US-based Seattle Children’s has initiated a Phase I clinical trial to treat solid tumours using chimeric antigen receptor (CAR) T-cell immunotherapy.
The STRIvE-01 trial will recruit children and young adults suffering from relapsed or refractory non-central nervous system EGFR-expressing solid tumours such as childhood sarcoma, kidney and neuroblastoma cancers.
Although paediatric cancer survival rates have improved due to therapy advancements, solid tumours are said to be one of the most resistant type of cancer.
Seattle Children’s oncologist Katie Albert said: “Despite employing modern treatments that offer more intensive therapy or new drug combinations for children with solid tumours, we’ve been unable to improve outcomes for our highest-risk patient groups.

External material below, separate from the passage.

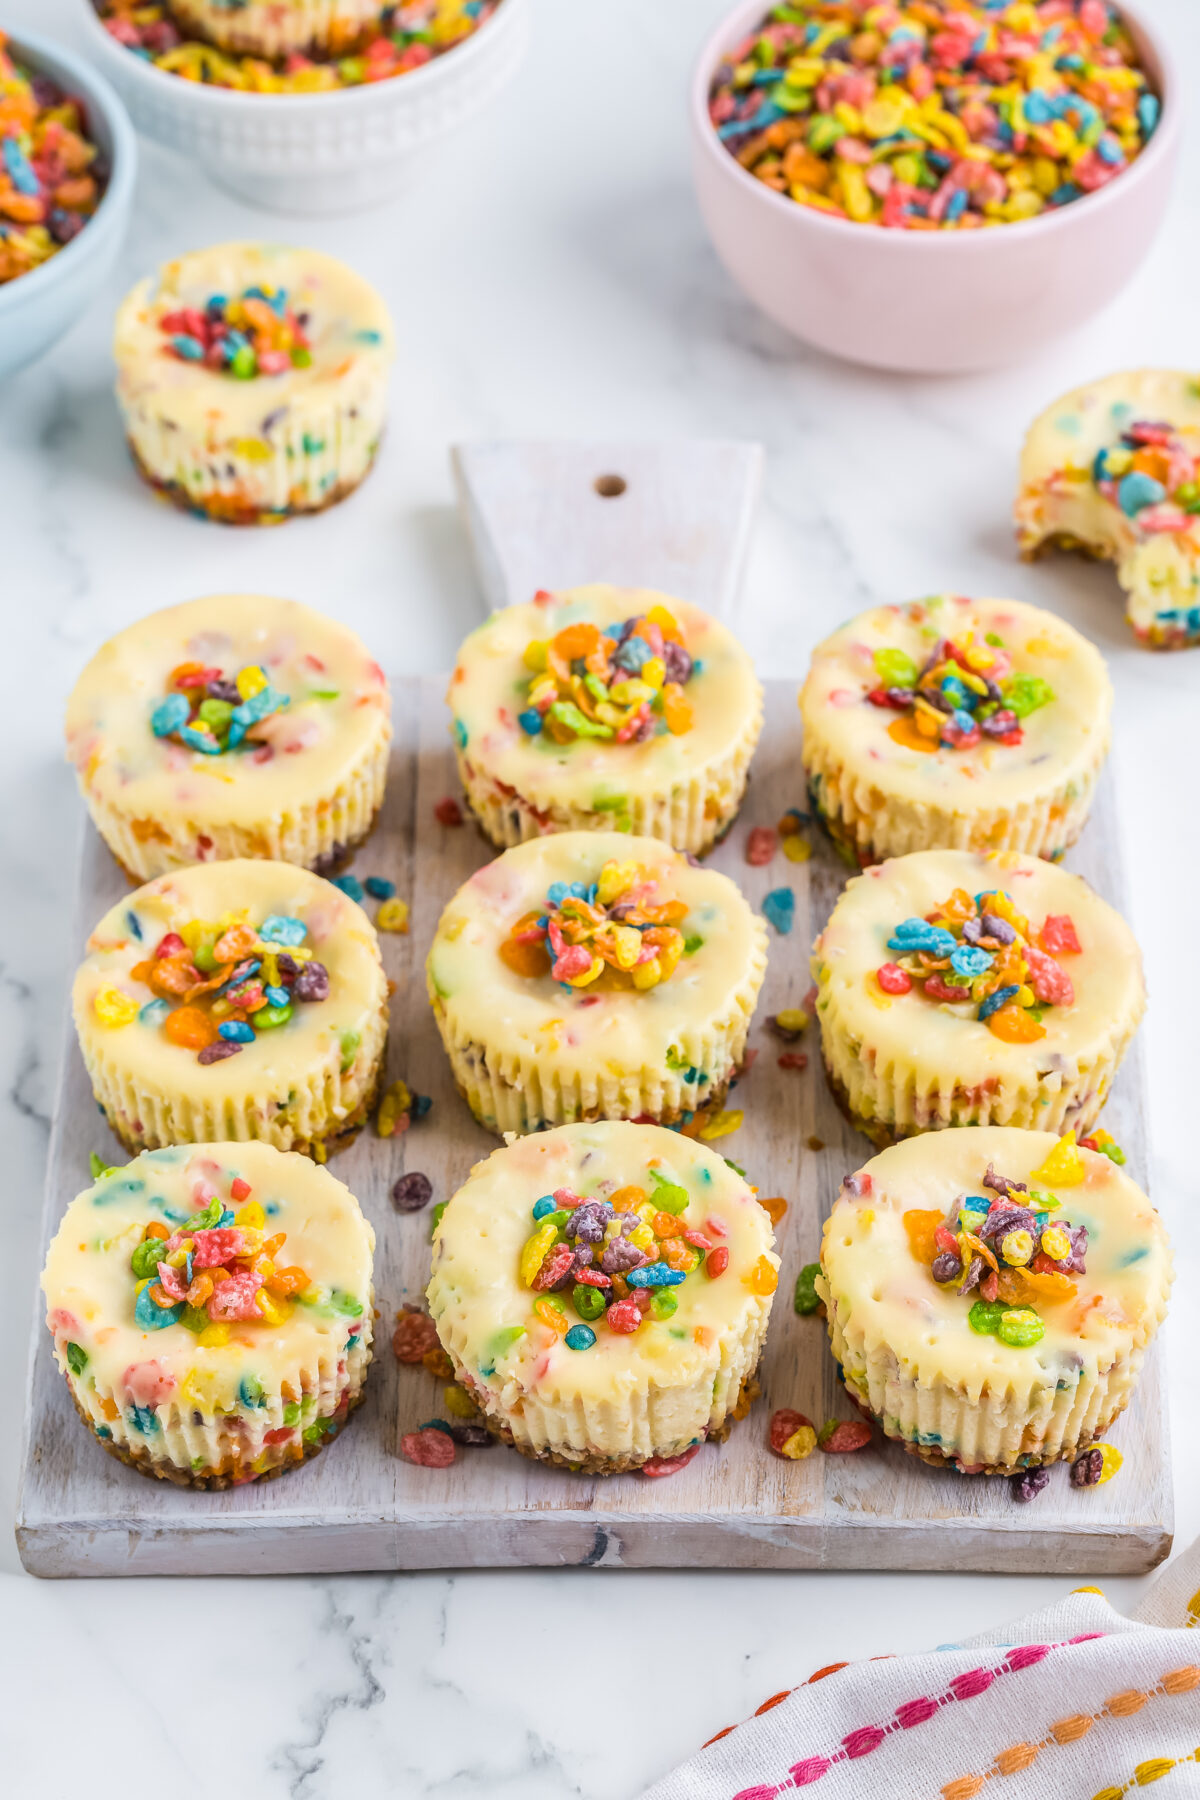 Love Fruity Pebbles cereal? Love cheesecake? Then you'll love this mini fruity pebbles cheesecake recipe! It's delicious and loads of fun!

“It is those groups that push us to come up with innovative approaches so that we can see all of our patients cured of their cancer.”
The organisation previously conducted trials to assess engineered CAR T-cells to treat childhood leukaemia, but solid tumours have protective microenvironments that make targeting difficult.
For the solid tumours trial, researchers intend to reprogram a patient’s T-cells for targeting the abnormal EGFR protein expressed on the cancer cell surface.
The CAR T cells will be linked with the EGFR806 antibody in order to potentially identify and kill solid tumour cells that express EGFR, causing less toxicity to healthy tissues.
STRIvE-01 is set to involve two sequential treatment arms, one of which will be initially treated with EGFR806 CAR T-cells to assess toxicity and determine maximum tolerated dose.
The second group will then receive CAR T-cells reprogrammed to target EGFR as well as CD19, a protein expressed on B lymphocytes.
A total of 36 subjects will be enrolled in the trial, which will investigate the dosing, safety and tolerability of the CAR T-cell immunotherapy.